There was a lot of excitement around the Essential Phone, Andy Rubin’s daring smartphone, last year. But the handset turned out to be a huge disappointment in terms of actual sales, prompting speculation that the company would perish, in spite of enormous interest from investors. But a new report claims that the father of Android has reshuffled Essential’s priorities, choosing to focus on a smartphone that could revolutionize the mobile industry. Or so Rubin seems to think.

The phone, which could be shown off privately as soon as January at CES, would be more of a companion phone of your existing phone. At least at first. The object of the unnamed Essential device is to answer emails and texts for you, to essentially replicate you while you spend time doing other things. Hopefully, it’ll keep you updated on all the texting and calling it does on your behalf, but that’s not entirely clear.

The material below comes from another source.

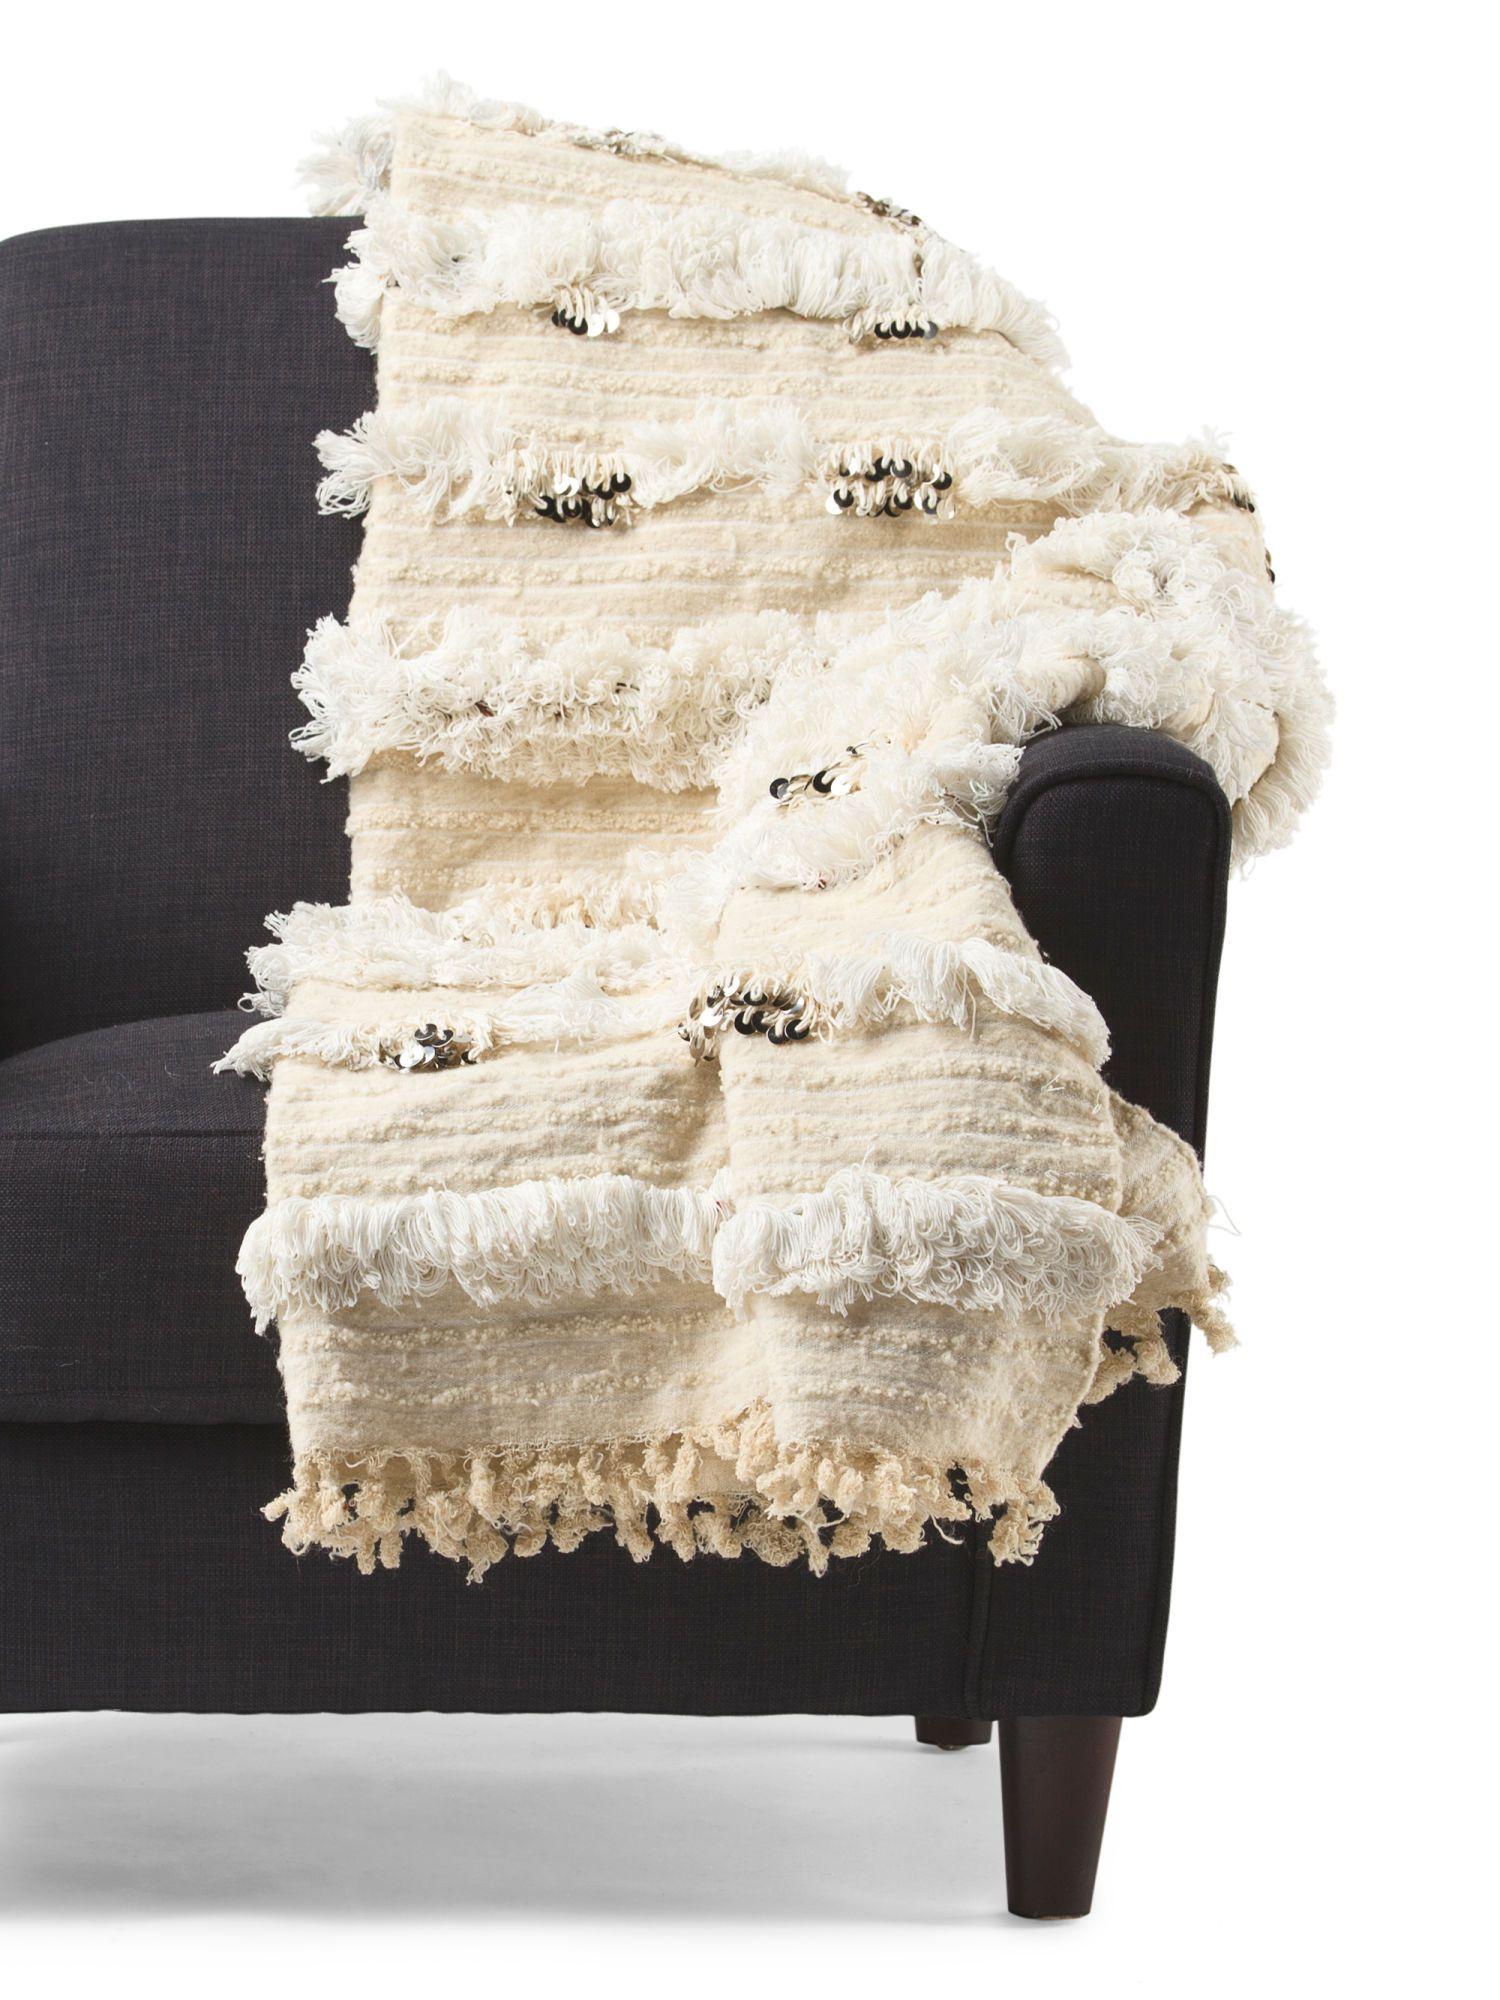 Tj Maxx Wedding.Made In Morocco Authentic Wedding Blanket Throws T J Maxx

People familiar with Rubin’s plans shared details about the handset with Bloomberg. Essential paused the planned home speaker and canceled a second smartphone to focus on the new smart device.

The Essential would have a smaller screen than what you’d expect from a smartphone these days, and it’ll require users to interact with it via voice commands to Essential’s AI software. Per Bloomberg, the phone would be similar to the devices in the sci-fi movie Her, in which a human falls in love with an operating system that powers all his devices, including a pocketable phone with no screen. “Rubin would like to capture people’s imagination with a product that’s truly different from alternatives,” Bloomberg says.

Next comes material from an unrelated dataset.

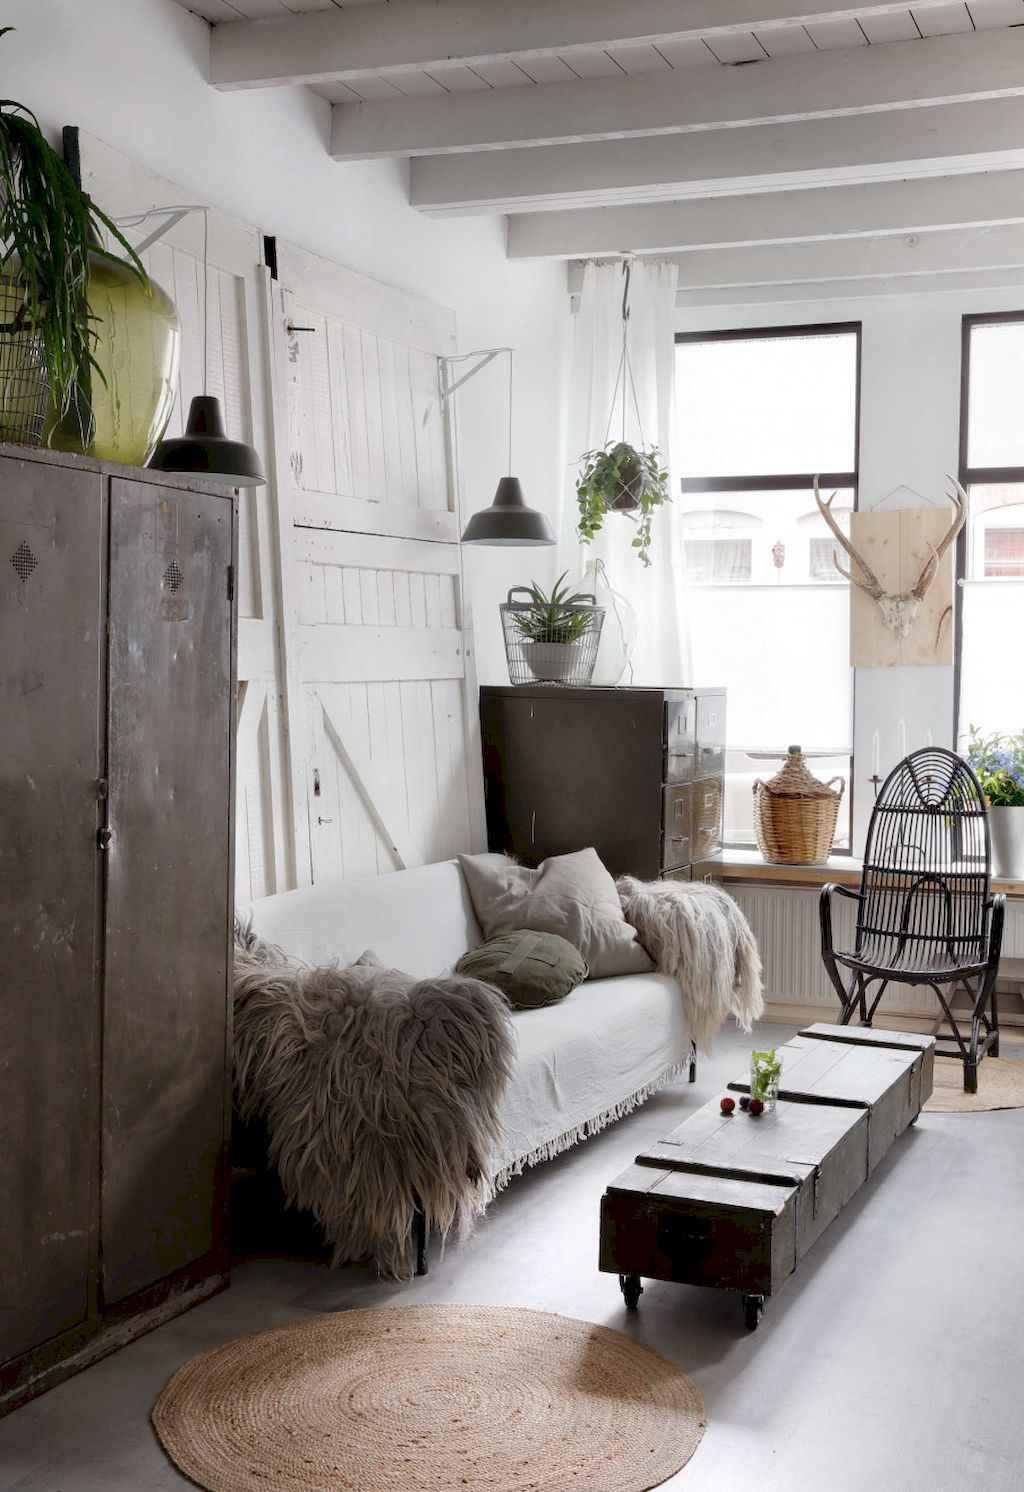 Simple clean vintage living room decorating ideas (35)

Furthermore, Essential plans to market the device as a companion to your primary phone, or as a phone for people who want to curb their smartphone addiction.

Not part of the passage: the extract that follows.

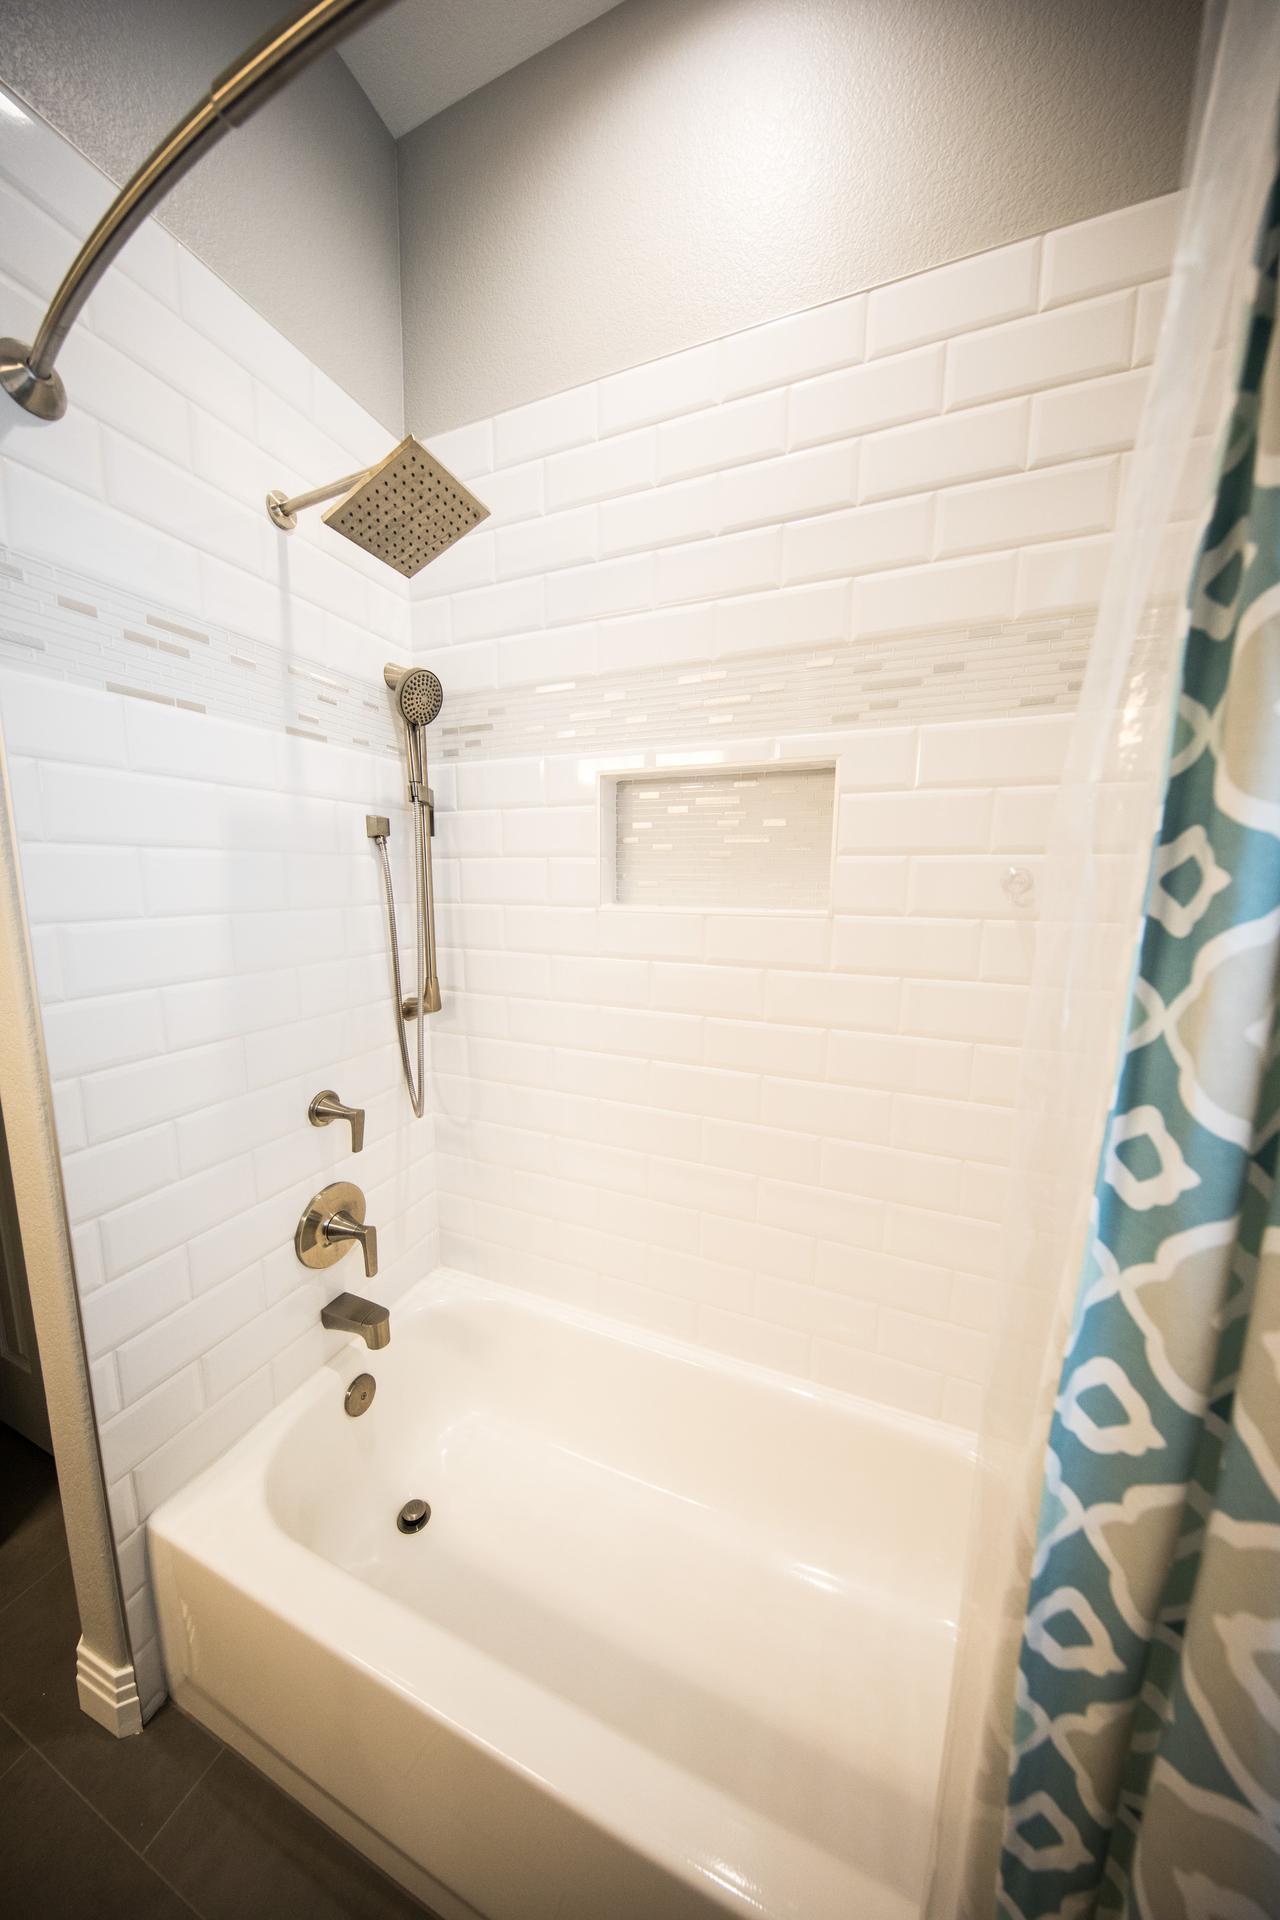 Top 5 warning signs you need bathtub repair in Dallas

But Google is also working on features that replicate the user for Android. Just earlier this week, Google unveiled the Pixel 3 phones, which will get Duplex (a feature that lets the Assistant make reservations via voice) and Call Screen (a feature that allows the Assistant to talk to spam callers). Also, Gmail offers automated replies, and the Pixel 3 will be the first phone to support Gmail’s Smart Compose, the feature that offers written suggestions as you type your response.

Apple, meanwhile, is rumored to be working on AR glasses that could somewhat replace the need for checking the iPhone all the time and maybe even replace the phone altogether down the road. 
As for new handset form factors, Samsung, Huawei, Apple, Lenovo, and others are creating foldable smartphones, with the first two companies expected to launch such devices next year. All these handset vendors are developing their own AI products, including smarter voice assistants. And many of them are looking at ways to reduce screen time for users.

In other words, it’ll be challenging for Rubin to create a new groundbreaking smartphone experience, given the huge gap between Essential and its competitors when it comes to making and selling phones. But that doesn’t mean this tiny, AI smartphone doesn’t sound interesting. At least on paper.